• _PROBLEM STATEMENT_
Of the entries below, return only those lines from the line with "Oreo cupcakes topped" to the line with "slices of chocolate", exactly, both included.

━━ DATA FOR THIS TASK ━━

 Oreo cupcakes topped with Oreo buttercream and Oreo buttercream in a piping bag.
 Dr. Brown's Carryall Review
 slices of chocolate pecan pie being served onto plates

━━━
━━ DATA FOR THIS TASK ━━

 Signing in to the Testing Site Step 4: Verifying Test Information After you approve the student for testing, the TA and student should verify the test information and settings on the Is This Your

━━━
━━ DATA FOR THIS TASK ━━

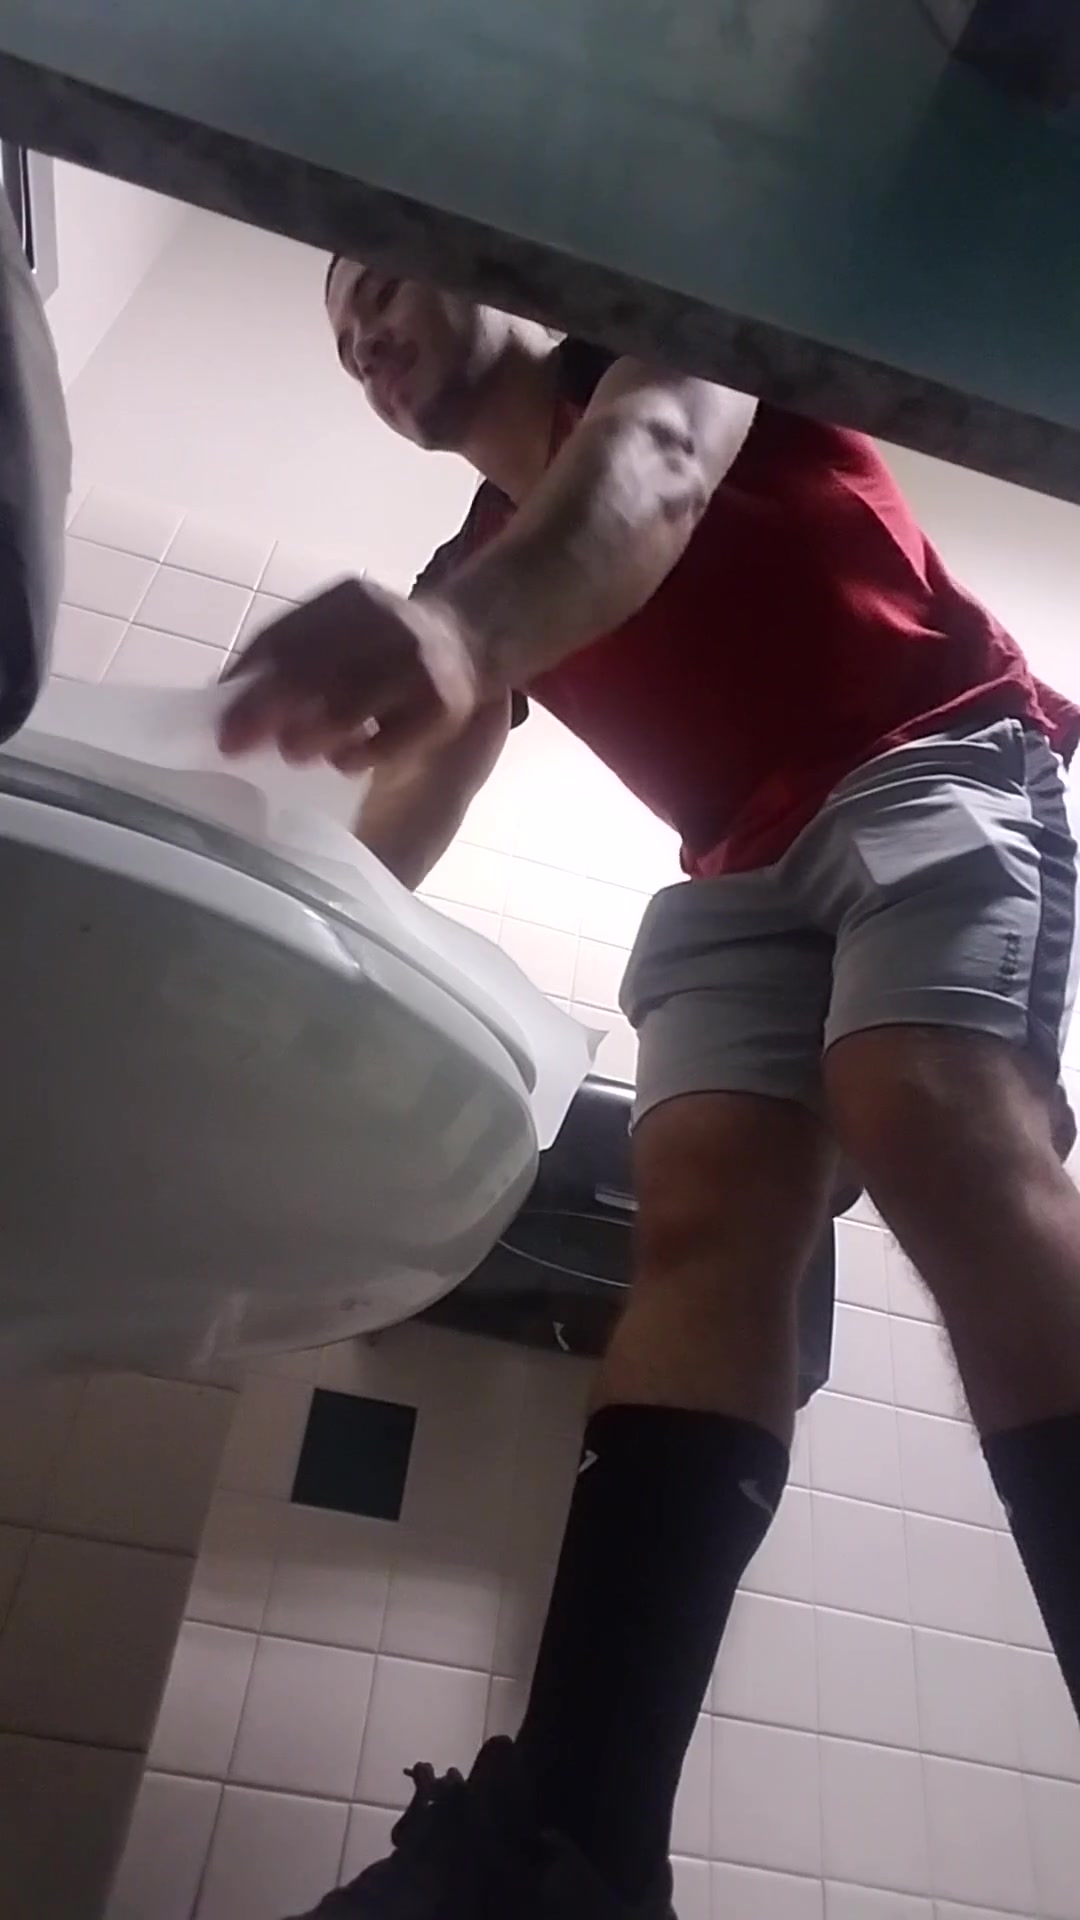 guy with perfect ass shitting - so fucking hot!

━━━

• _SOLUTION FOR THIS TASK_
 Oreo cupcakes topped with Oreo buttercream and Oreo buttercream in a piping bag.
 Dr. Brown's Carryall Review
 slices of chocolate pecan pie being served onto plates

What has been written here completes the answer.